WHAT TO WORK ON
Write the listing below out again exactly, dropping the images.

PROVIDED MATERIAL
________________________

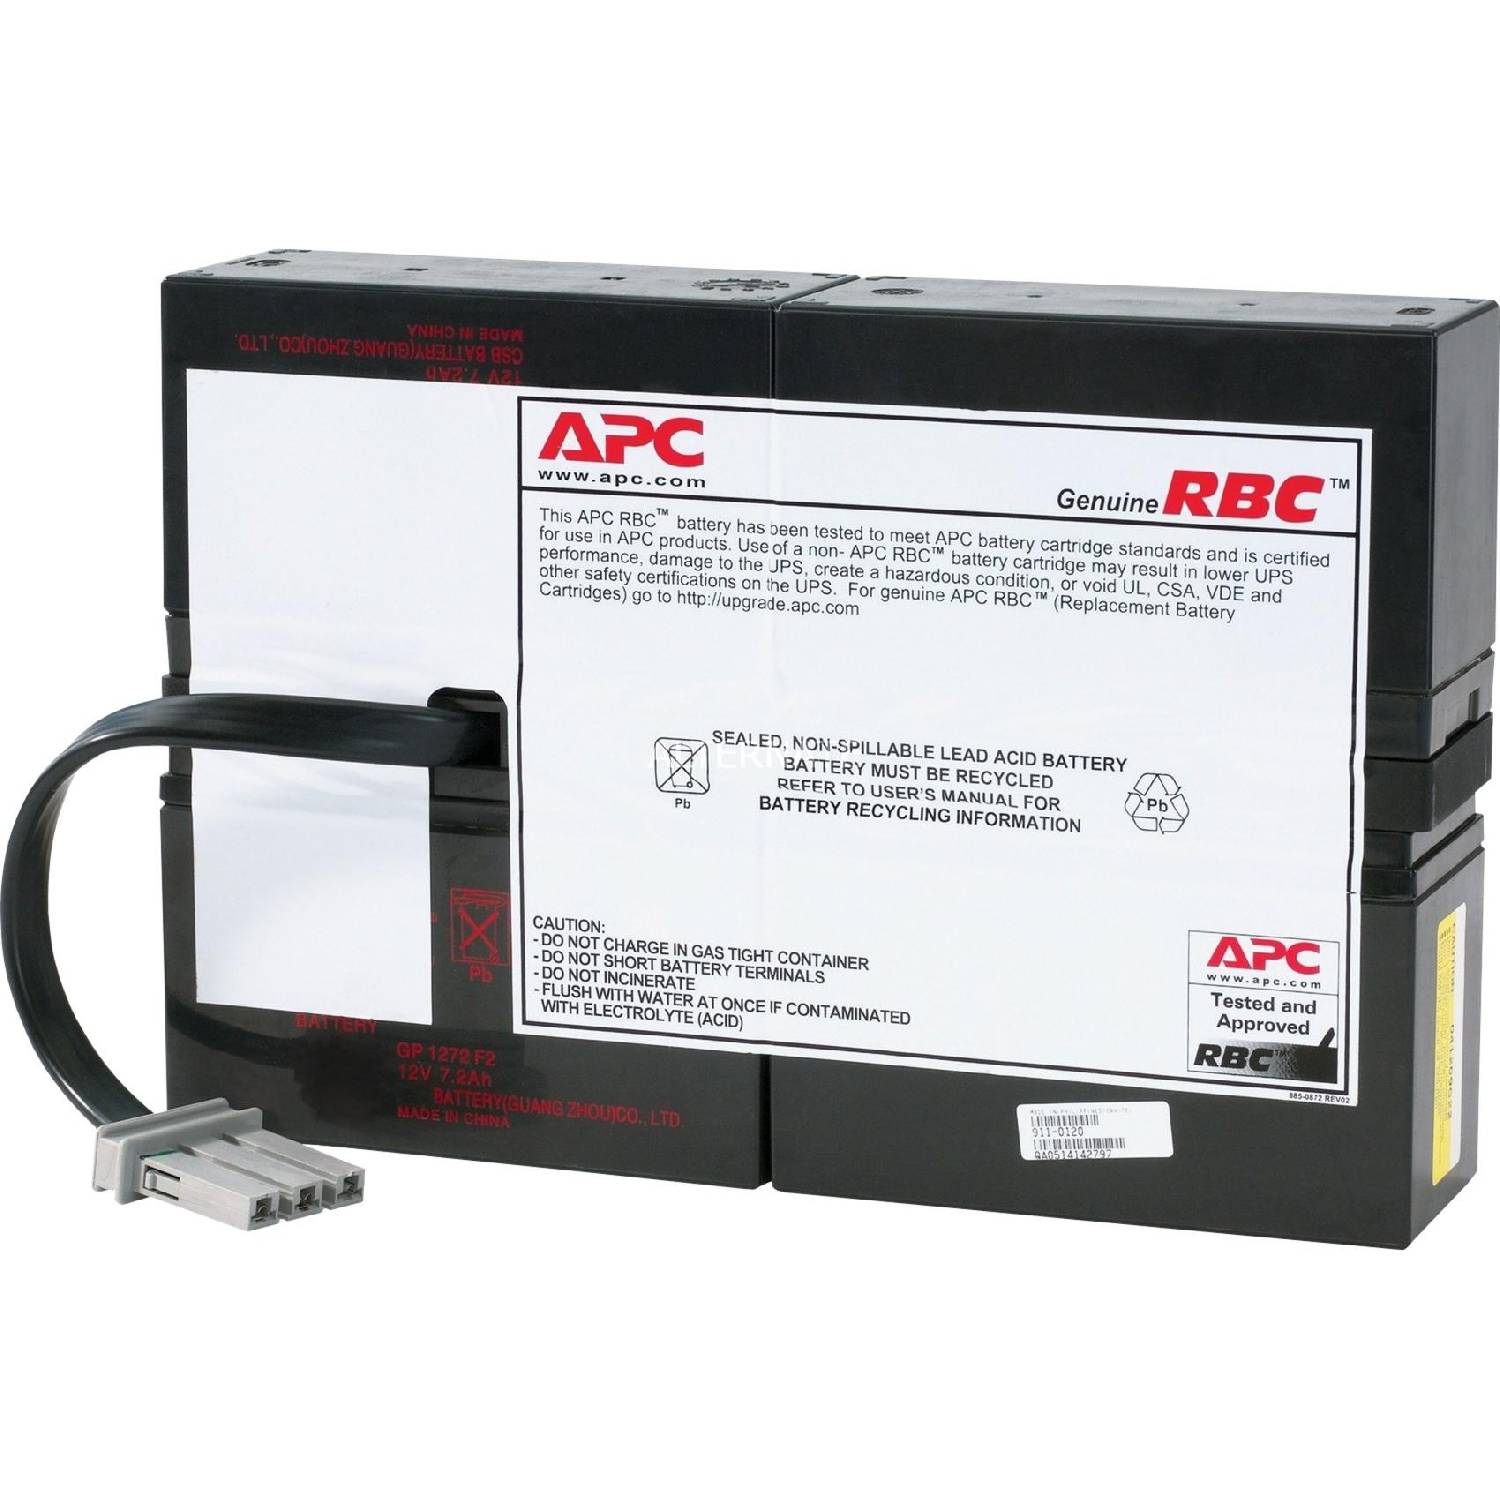 Apc ups battery. Аккумуляторная батарея APC rbc59. Аккумуляторные батареи для ИБП APC. APC sc1500. APC Smart ups 1500 батарея.
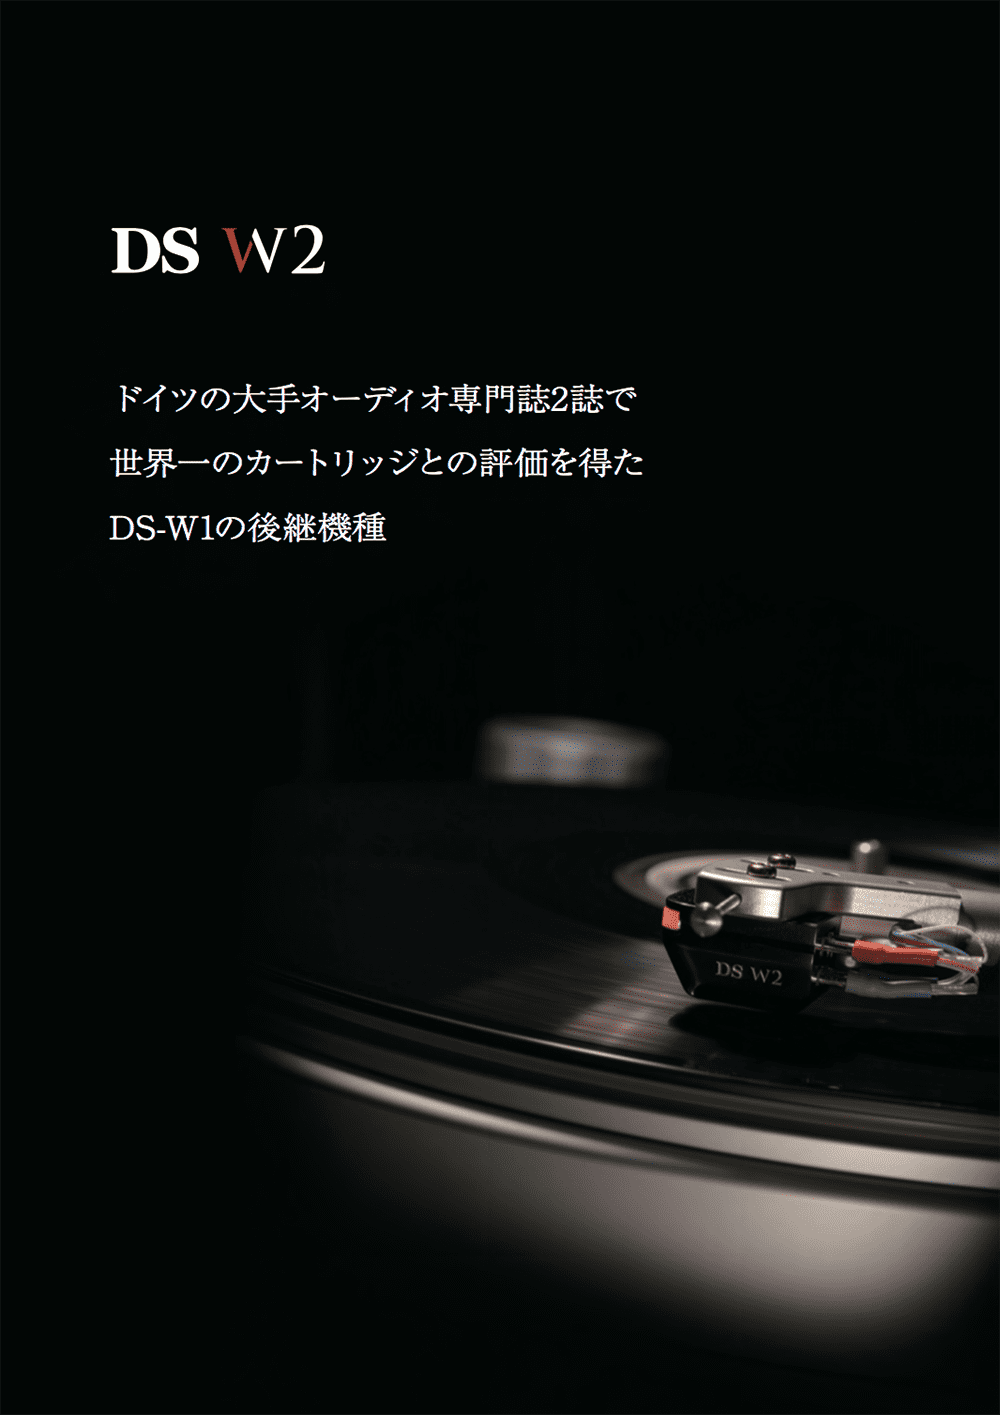 DS-W2 catalog
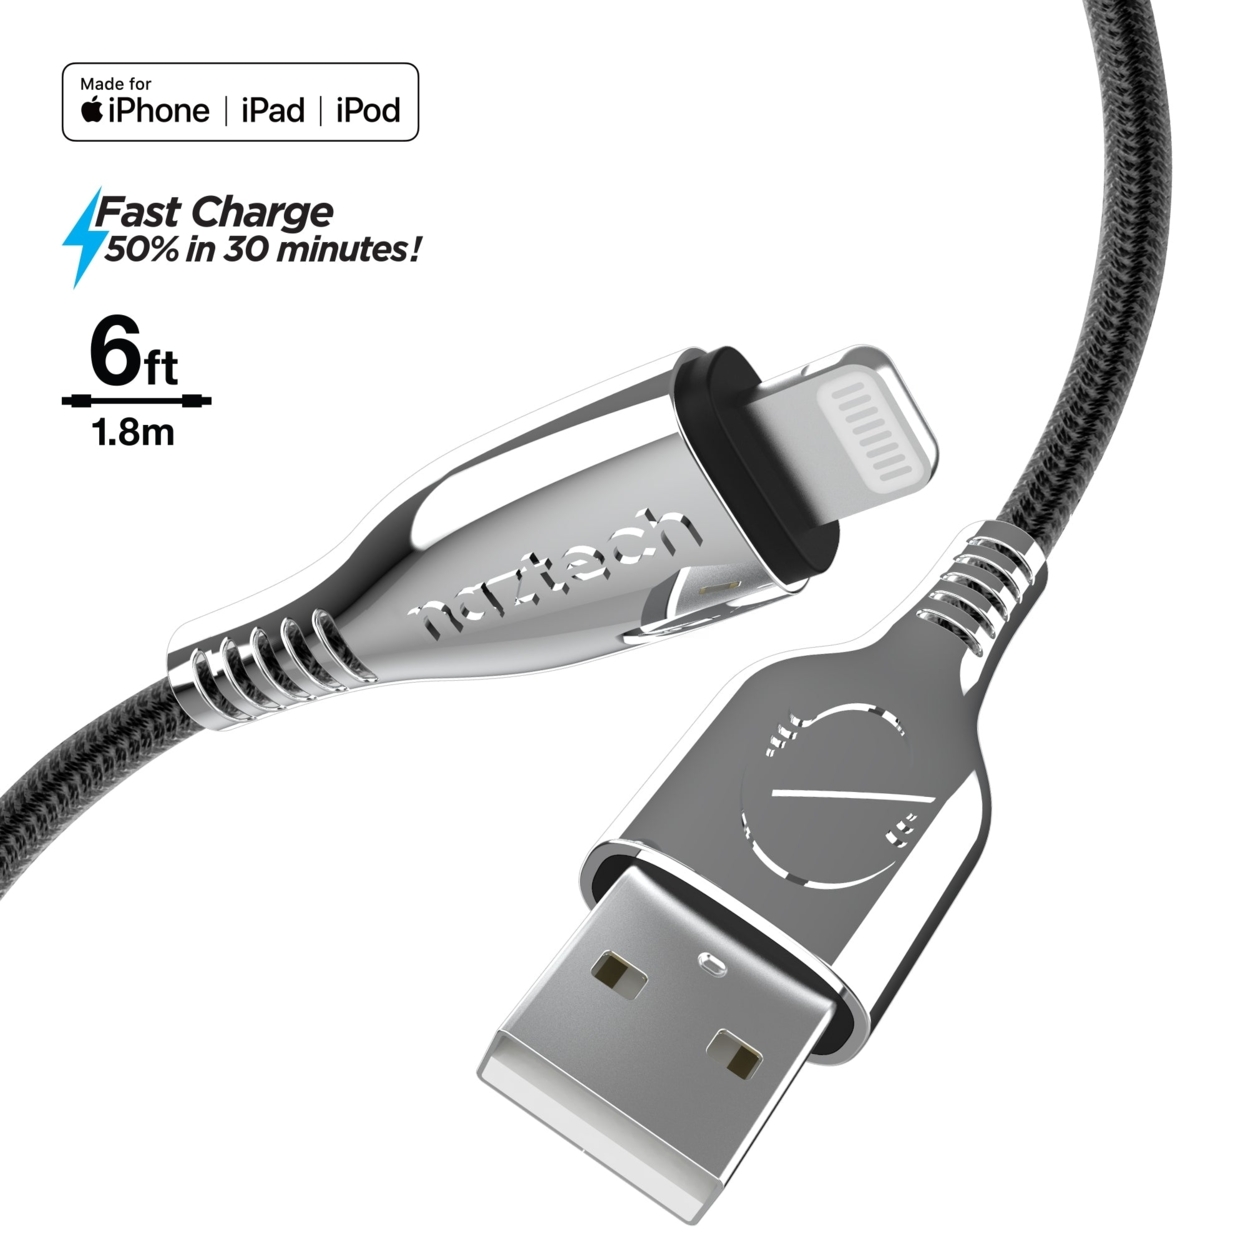 Naztech Titanium USB To MFi Lightning Braided Cable 6ft - Black

________________________

OUTPUT FOR THIS EXERCISE
 Apc ups battery. Аккумуляторная батарея APC rbc59. Аккумуляторные батареи для ИБП APC. APC sc1500. APC Smart ups 1500 батарея.
 DS-W2 catalog
 Naztech Titanium USB To MFi Lightning Braided Cable 6ft - Black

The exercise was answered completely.